Sanofi did not perform particularly well in the third quarter. The company's net sales of almost 12 billion euros ($12.7 billion) declined by 4.1% year over year although they grew 3.2% in constant currency terms. The biotech's earnings per share dropped by 11.5% year over year to 2.55 euros ($2.70). 

However, investors were more focused on Sanofi's announced business separation. The company said it would spin off its consumer health business into a publicly traded stand-alone entity headquartered in France. Sanofi plans to complete the separation, at the earliest, in the fourth quarter of 2024. Several pharmaceutical giants have done something similar in recent years, including Johnson & Johnson, Pfizer, and Novartis.

This news alone wouldn't send Sanofi's shares tumbling. What did was the company's announcement that as a result of increased investment in its pipeline, it will no longer target a 32% business operating income margin in 2025 but rather will focus on long-term profitability. That, combined with Sanofi's unimpressive financial results, is what did the trick.

Why Sanofi's prospects still look good

But did the market overreact? Sanofi's third quarter wasn't all bad. Several of the company's products showed meaningful progress, starting with eczema treatment Dupixent, the rights of which it shares with Regeneron. In the third quarter, Dupixent's sales soared by 32.8% year over year (in constant currency) to 2.8 billion euros ($3 billion). Dupixent is up for some key label expansions -- including in treating COPD -- that could meaningfully move the needle.

Elsewhere, Sanofi's newer products, Beyfortus and Altuviiio, are starting to contribute. Beyfortus, a newly approved vaccine for the respiratory syncytial virus, delivered sales of 137 million euros ($144.8 million). Hemophilia treatment Altuviiio reported revenue of 46 million euros ($48.7 million). For a company the size of Sanofi, that may not seem like a lot -- and it isn't. Here is the crucial part, though: Sanofi's top line isn't growing fast because older products are losing steam.
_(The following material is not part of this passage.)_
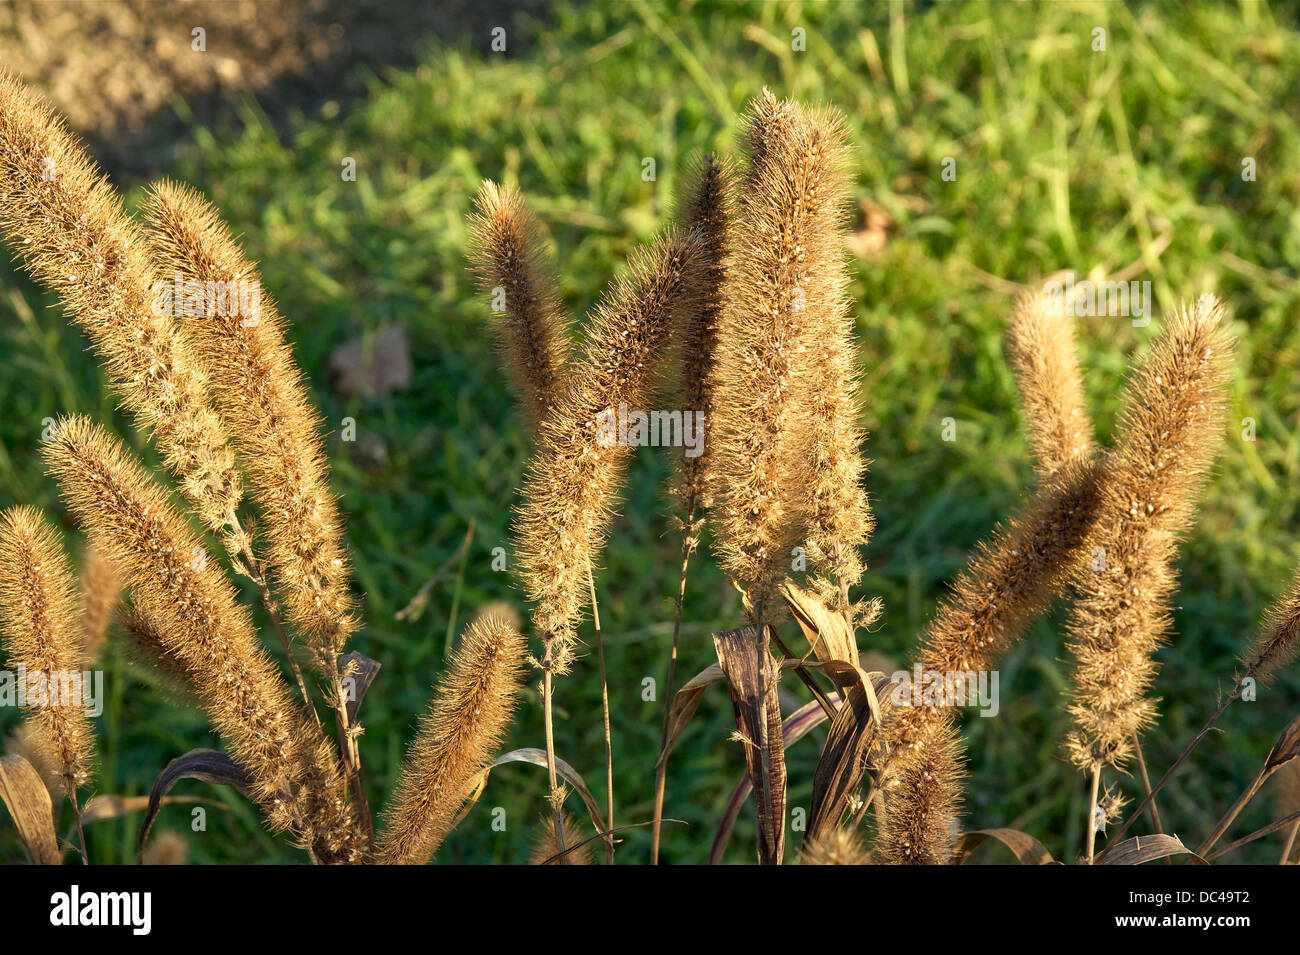 El mijo de Foxtail, Setaria italica (L.) Beauv. en otoño. Foto de stock

For instance, multiple sclerosis drug Aubagio is facing generic competition, leading to lower sales. However, as Sanofi's Dupixent continues to excel, its newer products ramp up, and the effects of the older ones fade, the company's sales will start growing at a good clip again. Further, the biotech's pipeline should produce more gems. For instance, Sanofi expects five brand-new vaccine programs to enter phase 3 studies by 2025.
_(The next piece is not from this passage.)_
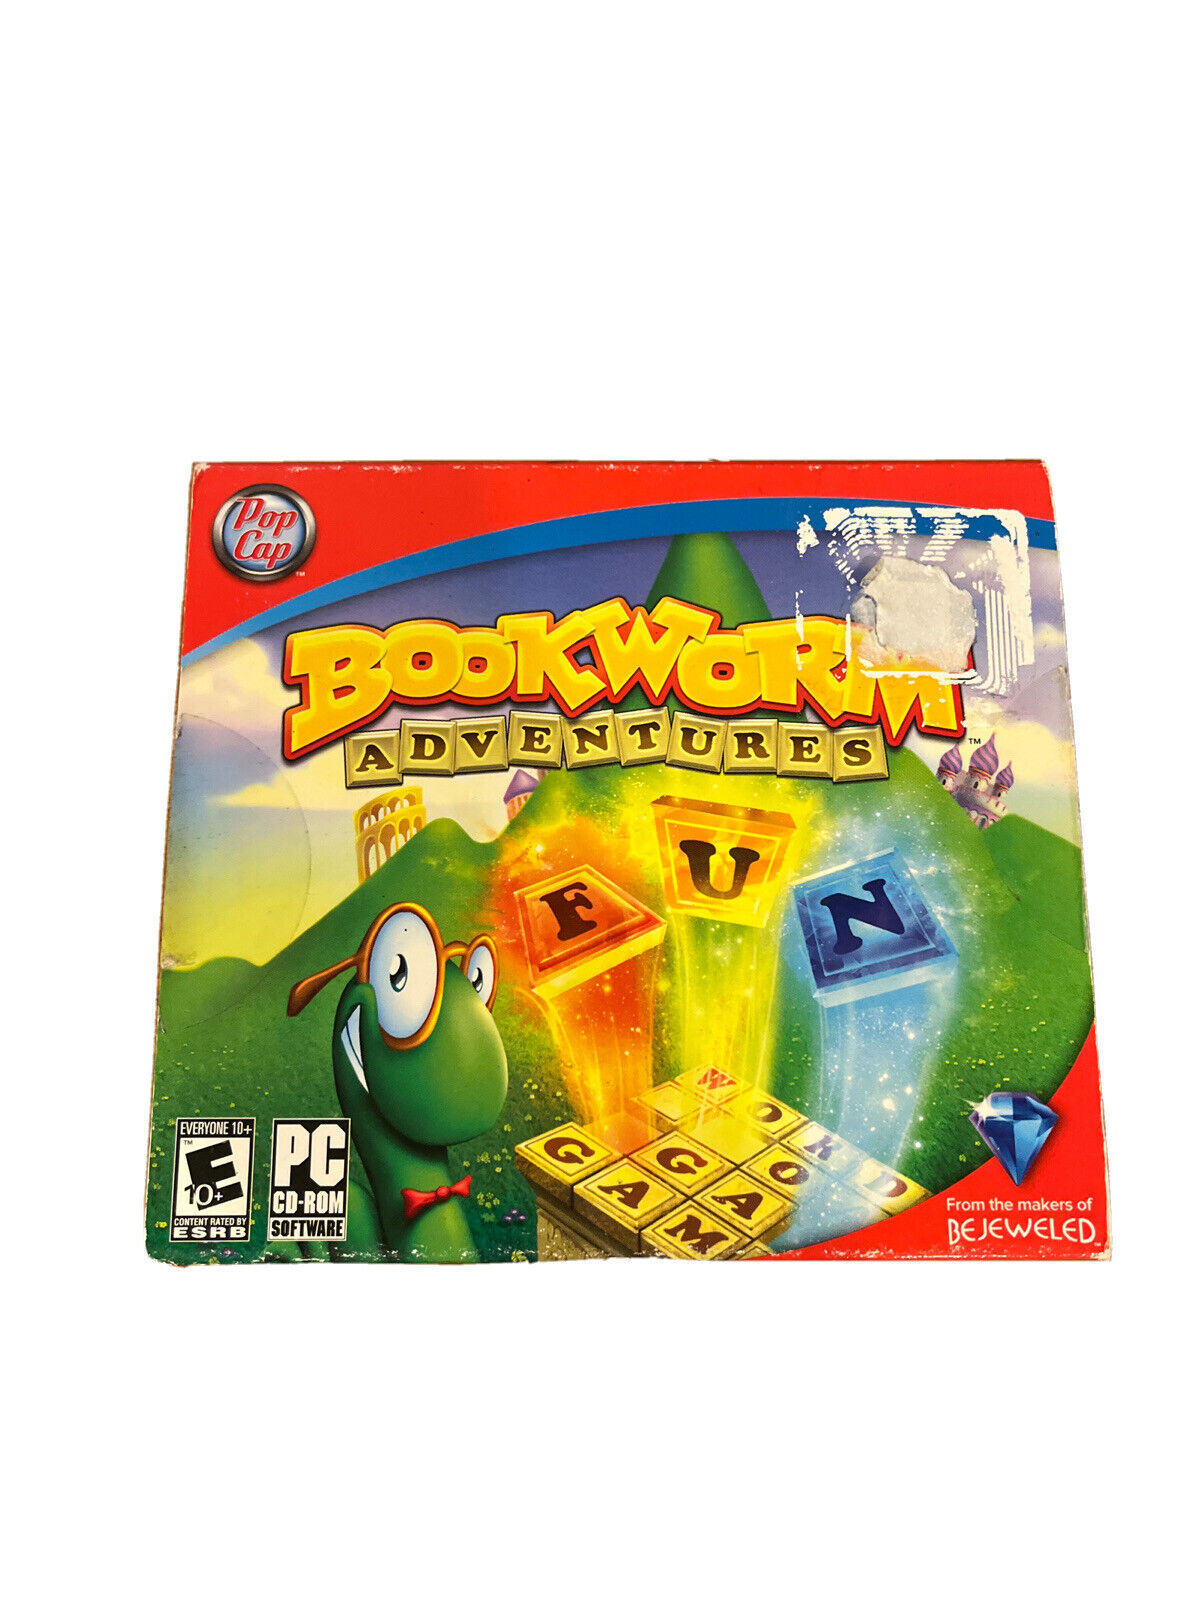 Bookworm Adventures PC Game 2006 PopCap Games, Inc. Rated E 10+

The biotech's planned business separation could help, too. Sanofi's proven innovative capabilities could get even stronger with a narrower focus on investing more in its pipeline. Lastly, Sanofi plans to institute a 2.7 billion euro ($2.9 billion) cost-cutting program; it will reinvest this money into its key growth areas.

While sales growth might not pick up that much in the next year, the company's deep pipeline, cost-cutting efforts, and laser focus on areas with stronger growth potential should pay off down the line for investors, at least those willing to be patient. That's why investors should take this opportunity to pick up the company's shares while they are down.